Vader not only stops Boba Fett from shooting Chewie when he attacks some Stormtroopers in a vain attempt to help Han, but shortly after that, he decrees that Lando is to deliver him and the princess to his ship. Now it's true that he's taking custody of two criminals who pose a direct threat to the Empire, but Chewie is carrying the partially re-assembled C-3pO. In addition to Luke, he's also trying to get back his last living friend, and... well, droids are easy to reprogram.
The reason Darth Vader appeared in the Dark Side hollow on Dagobah is because Luke brought his weapons with him. That determined the context. If he had heeded Yoda and left his weapons, the link between him and Vader probably would have revealed in a far more subtle and less disturbing context.
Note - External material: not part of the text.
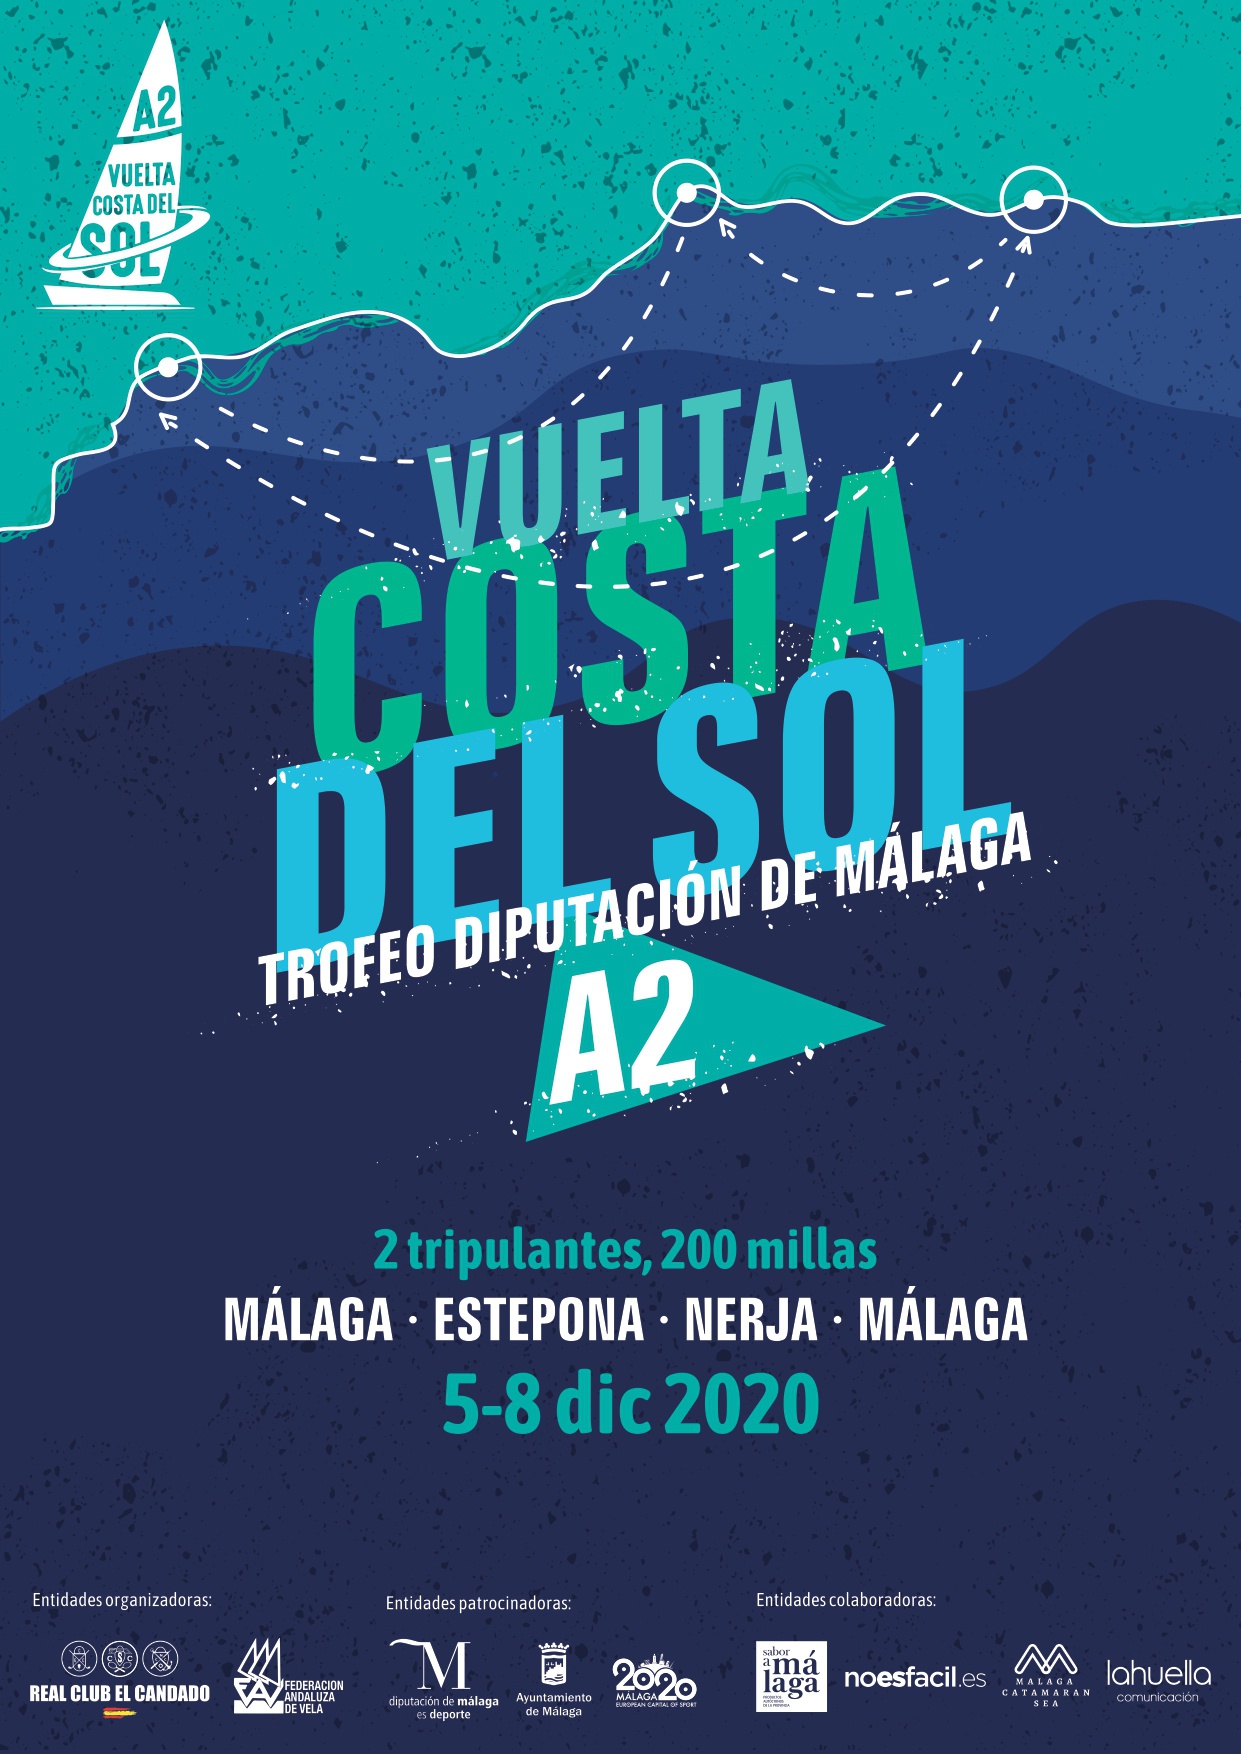 Vuelta Costa del Sol- Trofeo Diputación de Málaga
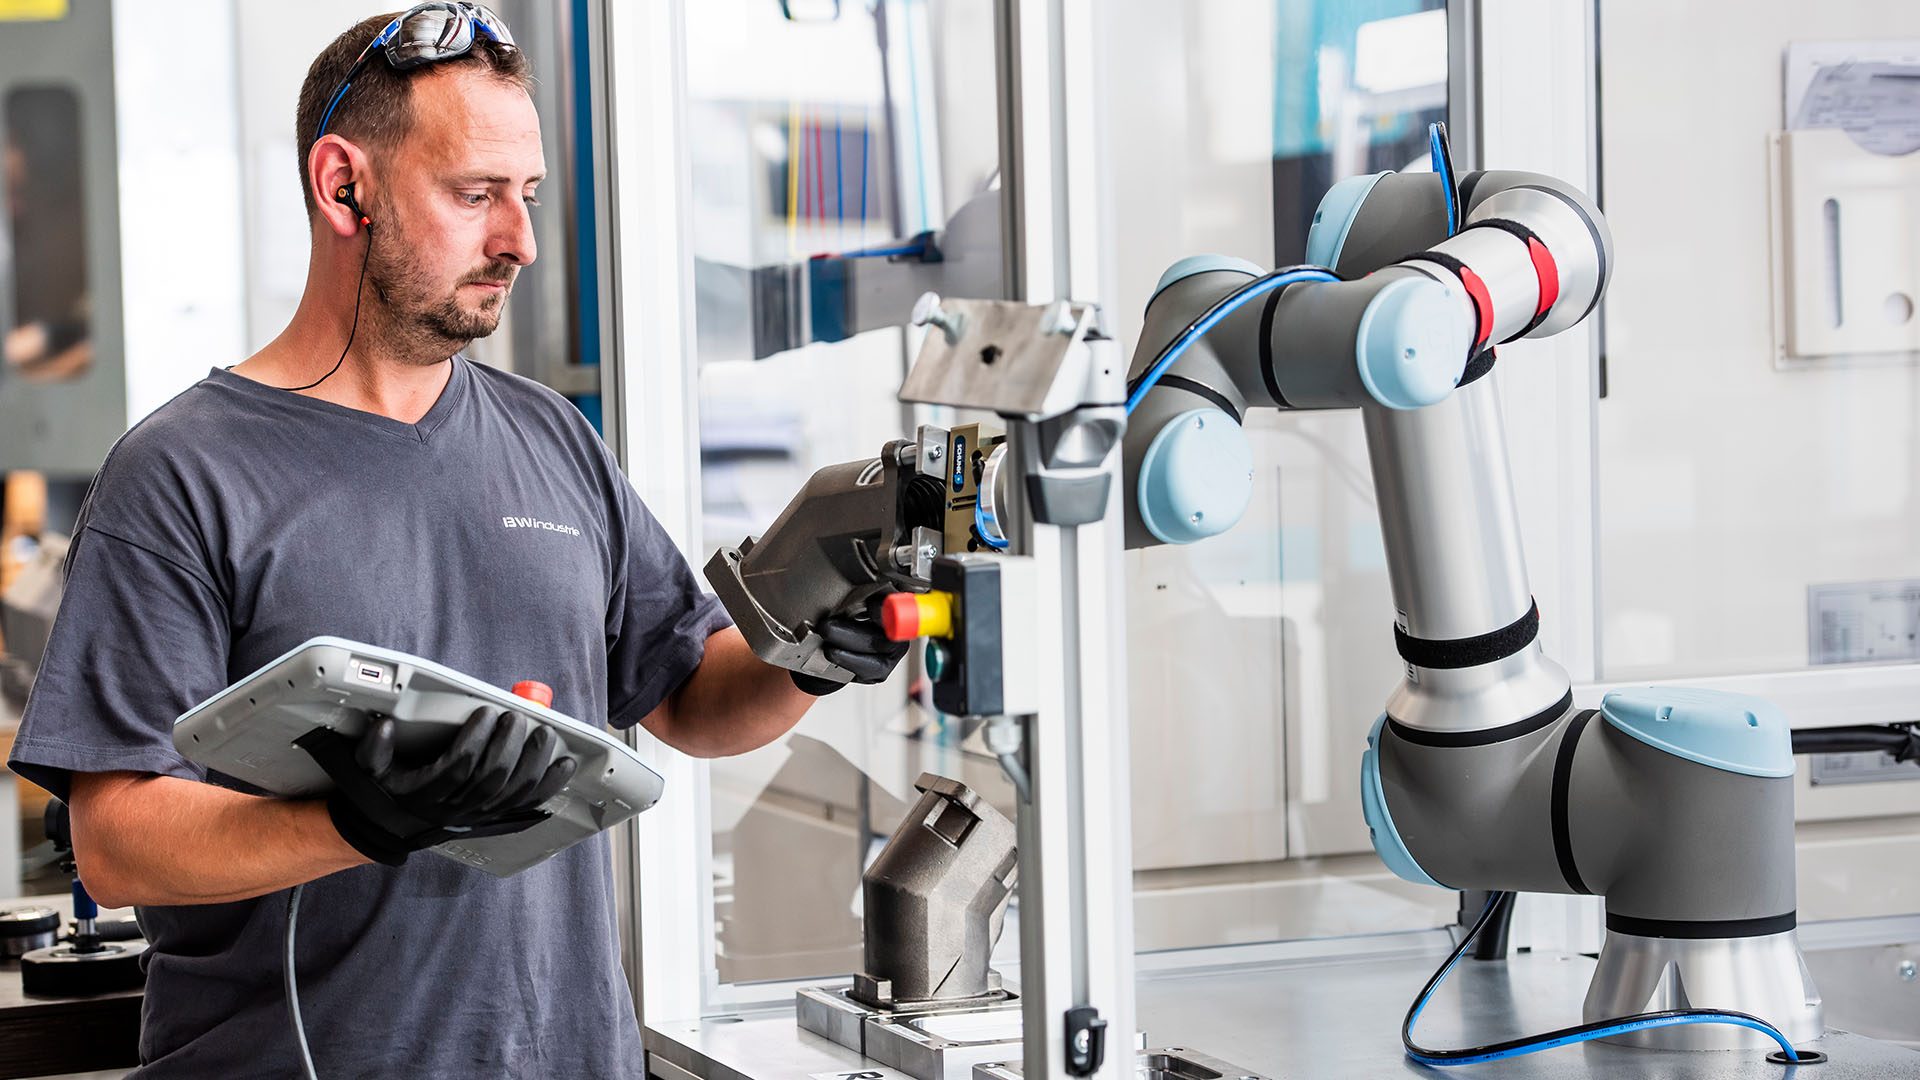 Les robots créent de nouveaux emplois ? Comment est-ce possible ? 1

The only thing that saved Lando from being choked to death was that Chewbacca knew they had to move, and NOW, to have any chance of getting Han back. Otherwise, Chewie would have throttled him to death.
Vader was toying with Luke for pretty much the entire duel: he was just feeling out Luke's abilities. However, Luke DOES hit him in the back of the shoulder (Vader even grunts in pain) right before Vader cuts off Luke's hand. De-handing his son was done in a moment of anger.
Yep. Vader could probably have killed Luke at any time during that duel if he really wanted to, but he didn't, as Luke points out to him when they meet again on Endor. If you look at the fight, you'll notice Vader seems to be holding back at first, waiting for Luke to attack him first and trying to intimidate him by taunting him and throwing stuff at him. It's only the last part where they duel on the walkway that Vader decides to stop screwing around and aggressively attacks Luke until he's disarmed.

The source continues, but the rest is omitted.